The minimum admission requirements to enter these programmes are consistently some of the highest in the Stockholm County, making them highly competitive. In 2012, the admission points to the Natural Science programme in the International Section was 315 out of 320, one of the highest admission points requirement in Stockholm, and 310 points in the Natural Science programme in the Swedish Section.

===Music Section===
The Music Section offers modified Natural and Social Science programmes that include advanced choral courses. Admission to this programme is also highly competitive and accepts students based on a combination of grade point average, singing auditions and tests in music theory. The school's choirs occasionally compete internationally, normally with good results, such as in the 14th International Choir Competition in Budapest, Hungary in 2013 where a class choir directed by Bengt Ollén participated in three categories (Mixed choirs, Male choirs and Female choirs) and won gold in all, plus the Grand Prix for the entire competition. The result was identical the year after with another choir directed by Helene Stureborg in the 2014 12th International Choir Competition & Festival in Bad Ischl, Austria.

==Extracurricular activities==

===Student government===
The student body of Kungsholmens Gymnasium is represented by the Kungsholmens Gymnasium Student Union (Kungsholmens Gymnasiums Elevkår). It is divided into a board, an operational management and six branch committees: the Social Committee (Sociala Utskottet), the Graduation Committee (Studentutskottet), the Sports Committee (Idrottsutskottet), the Marketing Committee (Marknadsföringsutskottet), the Advocacy Committee (Påverkansutskottet) and the Project Committee (Projektutskottet). The Social Committee organizes and holds social student events throughout the academic year, with the aim of creating a fun student experience. The Advocacy Committee works on student democracy matters, enhancing student engagement and student influence on the school as a whole.
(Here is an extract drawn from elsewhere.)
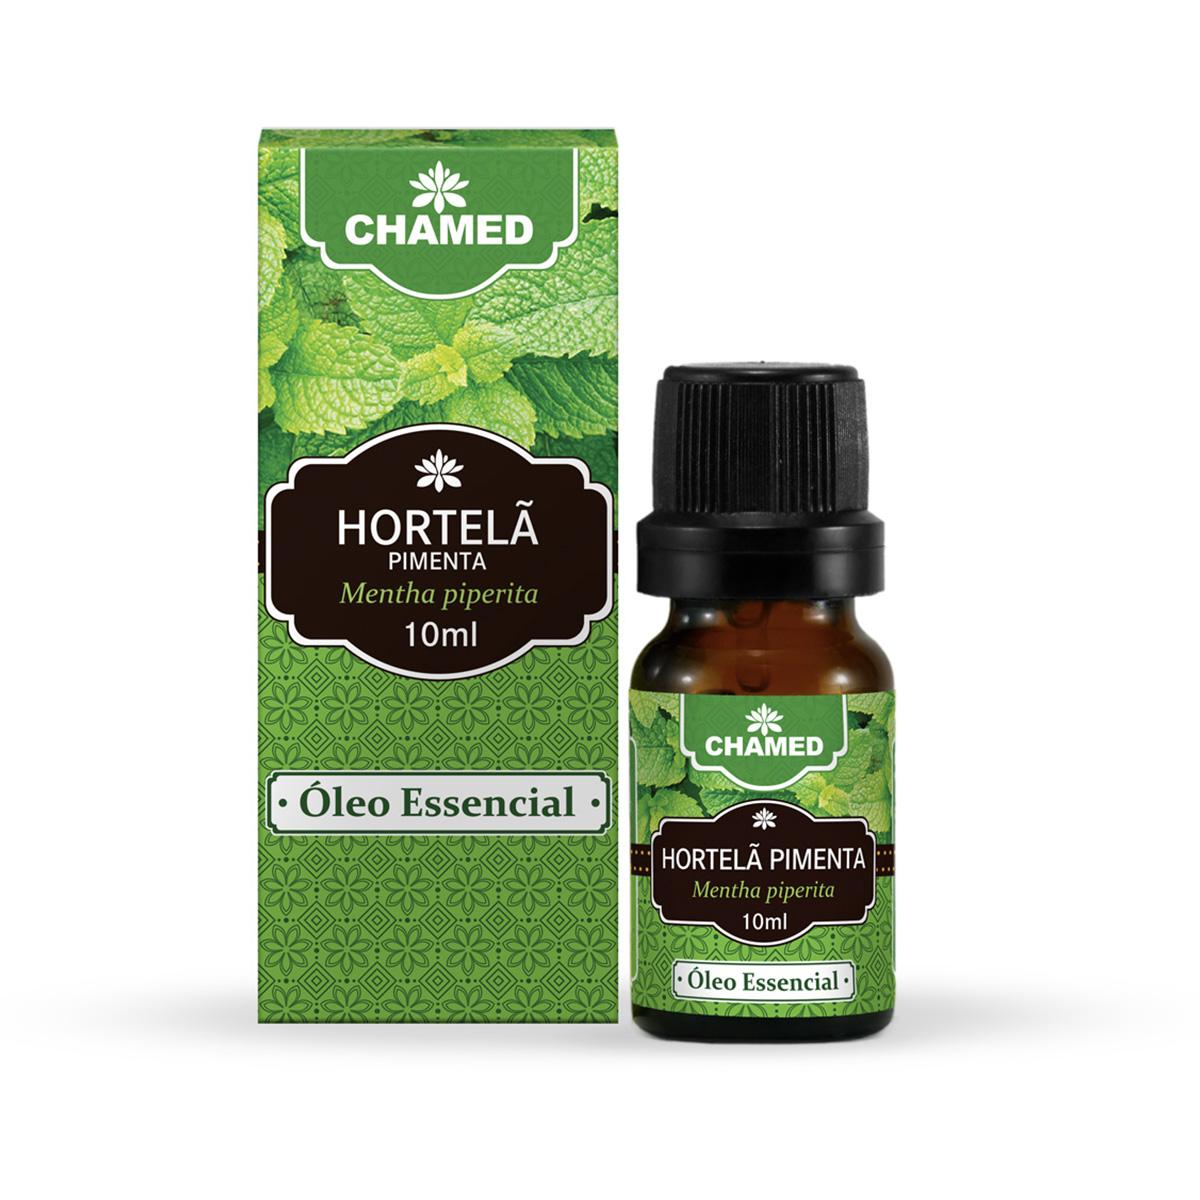 Óleo Essencial de Hortelã 10ml - Chamel

Finally, the Project staff help organize events and student-initiated projects, such as raising money for refugees. 2018 the Union together with KGIF and Östra Real arranged one of the largest indoor American football games in Europe.

===Student societies and publications===

====KZINE====
KZINE is a student-run publication based primarily on their web newspaper, but paper publications have also been made. Since May 2014, KZINE has also begun to publish internet radio programmes in the form of podcasts. KZINE developed from the website Kungsholmen Unofficial Webpage (KIWS), an internet site created in 1998 by a student. In 1999 the first edition of the web-based magazine KZINE.com was published. In 2008 KZINE won the youth journalism prize Lilla journalistpriset for best web-based student publication (in the upper-secondary school class). In December 2013 a KZINE article about political censorship of a school class photograph attracted wider media attention in the news publications Expressen and Nyheter24, among others.
In November 2018, KZINE was nominated for the Swedish School news paper of the year by Sveriges Tidskrifter.

====Zambia Group====
A partnership has existed since 1999 between Kungsholmens gymnasium and three schools in Zambia (Hillcrest Technical High School in Livingstone, Chinika High School in Lusaka, and Monze Boarding High School in Monze). The Zambia Group raises funds to support these schools and their students. It also promotes cultural exchanges, and organizes expeditions to visit these schools to work on various projects. Anders Jonsson and Eileen Ingulfson, the two teachers who pioneered the partnership, won the 2008 FUF prize in global development from the Swedish Development Forum (Föreningen för Utvecklingsfrågor) for their work on the Zambia Group. They have their own website which can be found here.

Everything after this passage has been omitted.